I am a fan of the Kur corpus format for simplicity, but I also know that issues can arise with > 100k files in a single directory. To avoid this issue, the "default format" above is a depth-2 folder tree, splitting utterances into 1 directory per case. The file corpus.utterances.jsonl.gz is somewhat self-explanatory:
- one utterance per line as JSON object
- the JSON key '.utterance_dir' gives the directory within audio/ to grab the utterance mp3 from
- the JSON key '.utterance_file' gives the mp3 file name
- in other words you need to go to audio/utterance_dir/utterance_file to grab the audio file for each utterance
- the JSON key '.text' gives the transcript text with minimal formatting changes (mixed upper/lower case, hyphens, etc.)
- you may wish to preprocess this file by adjusting the formatting / characters in each utterance transcript as done for the KUR format export, depending on your speech recognition engine.
- Named (and mostly gendered) speaker labels
- High-quality audio and transcripts
- Punctuation and capitalization
- Public domain data
- Historically significant data
- Some audio contains multiple speakers when the courtroom is rowdy (this may be a disadvantage depending on your ASR goals)
- low diversity in:
- accents
- conversation topics
- conversation styles
- often repeated speakers (the justices)
- some repeated utterances (formal procedure)
- no word-level timestamps
The alignment is very good but not 100% perfect.
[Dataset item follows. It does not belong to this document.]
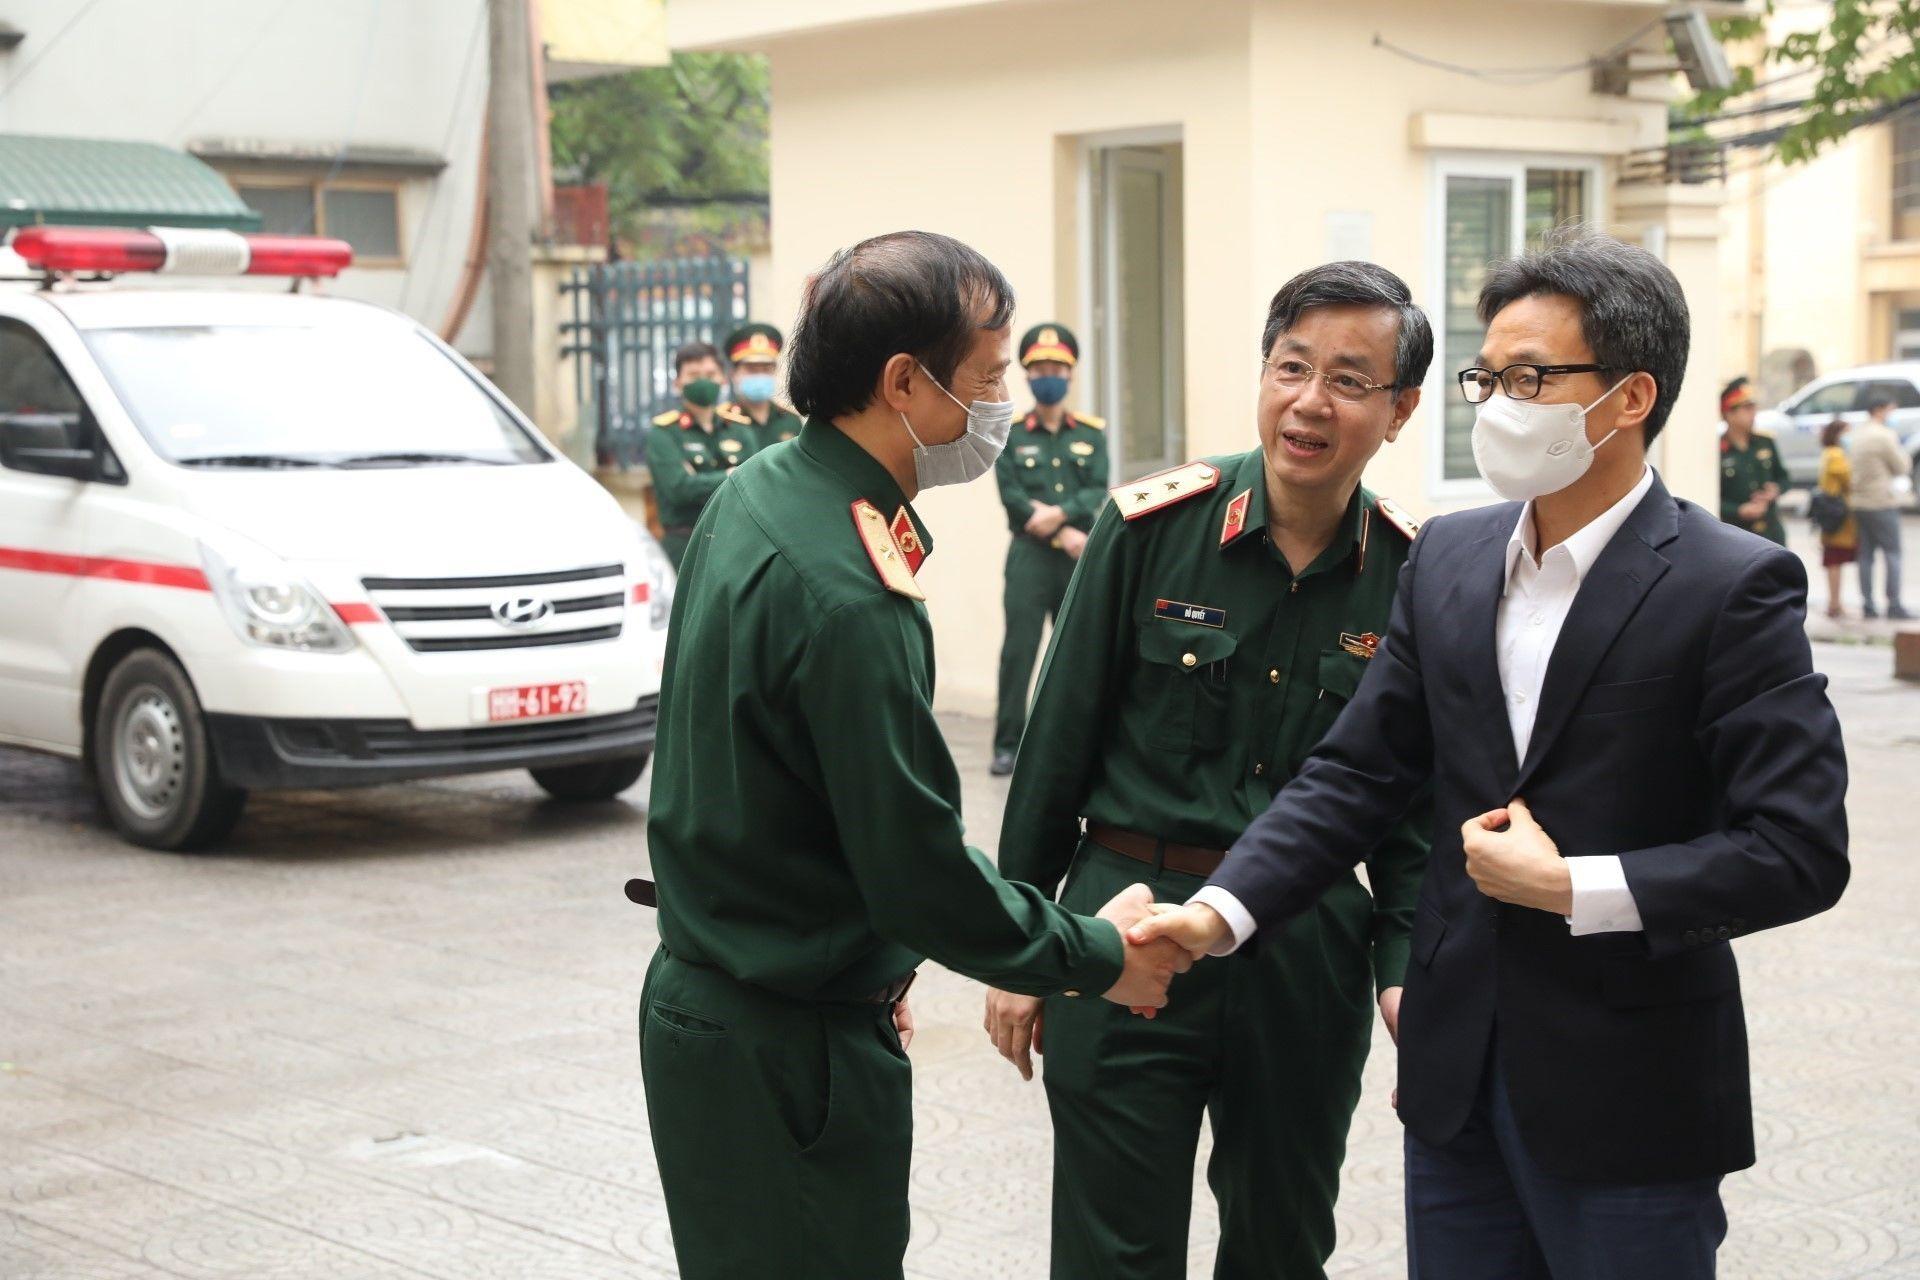 Phó thủ tướng Vũ Đức Đam tiêm thử nghiệm vaccine 'Made in Vietnam' - Sputnik Việt Nam, 1920, 26.03.2021

Espeak gives known failure cases. I would like to configure festival and see if it overcomes these failure cases. I've tried AWS Polly as the STT backend and found it to work extremely well with no failure cases yet, however the corpus is 35,652,395 characters which would cost about $140 for Polly STT on the whole thing. Before spending on that I want to do some benchmarks / training / data analysis of the corpus to make sure it's ready.